# no more /proc/acpi/thermal_zone since Kernel 2.6.37 ?

## lixo1

Dear all,

I just discovered that my machine running kernel 2.6.37-r4 doesn't have anymore the /proc/acpi/thermal_zone/ folder with the temperature file. So my system monitor - temperature (kde 4.4) is not able to output the temperature.

I just installed lm_sensors and it detects my i7 core temperatures without any problem (module coretemp). 

So, do you know if in kernel 2.6.37 they removed this folder? 

How can I obtain the thermal_zone temperature for my kde widget?

Thanks for information.

----------

## Anon-E-moose

Depending on module(s) loaded

for my system

K10 monitor

/sys/class/hwmon/hwmon0/device/temp1_input 

F71889 monitor chip

/sys/class/hwmon/hwmon1/device/temp1_input

/sys/class/hwmon/hwmon1/device/temp2_input

/sys/class/hwmon/hwmon1/device/fan1_input

----------

## lixo1

Ok, thanks.

If someone want to use the kde temperature monitor, you should have installed lm_sensors and add it to USE, recompiling ksysguard.

----------

## richard.scott

I have no /proc/acpi/thermal_zone folder either... I'm not using X so it has nothing to do with KDE.
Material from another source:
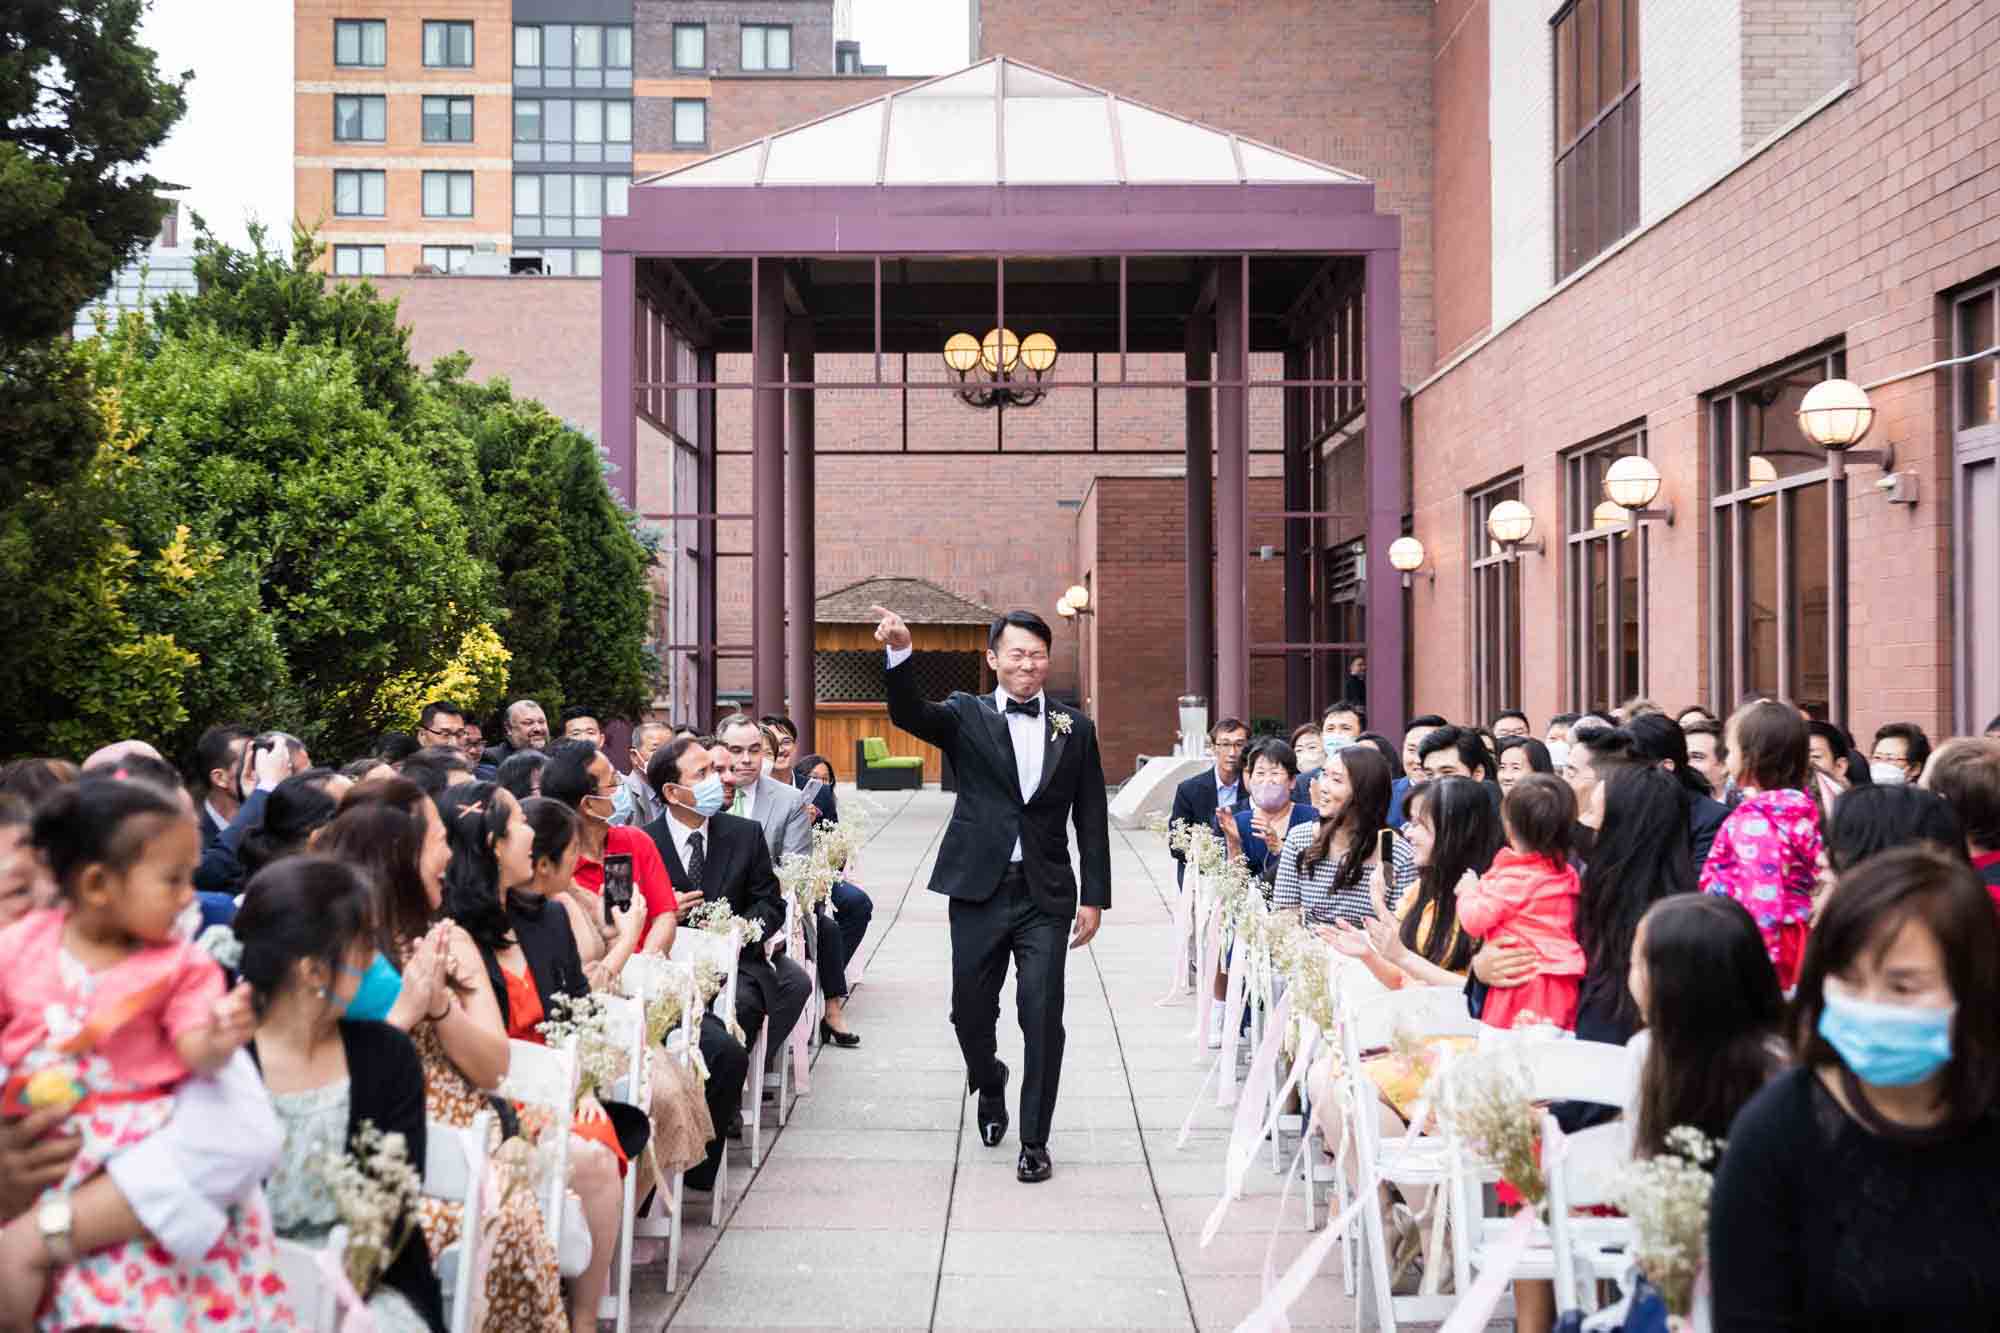 Groom walking down aisle raising hand in gesture to crowd during ceremony at a Sheraton LaGuardia East Hotel wedding

The system works fine (and has a /proc/acpi/thermal_zone folder) for kernel 2.6.36.x, but in 2.6.37 its not there.

I've used the same config from 2.6.36 to compile 2.6.37 and its no longer there.

----------

## elko

It is kernel related issue. Look for /sys/class/thermal/thermal_zone0/temp and similar files instead. The location in /proc was depracated for some time.

----------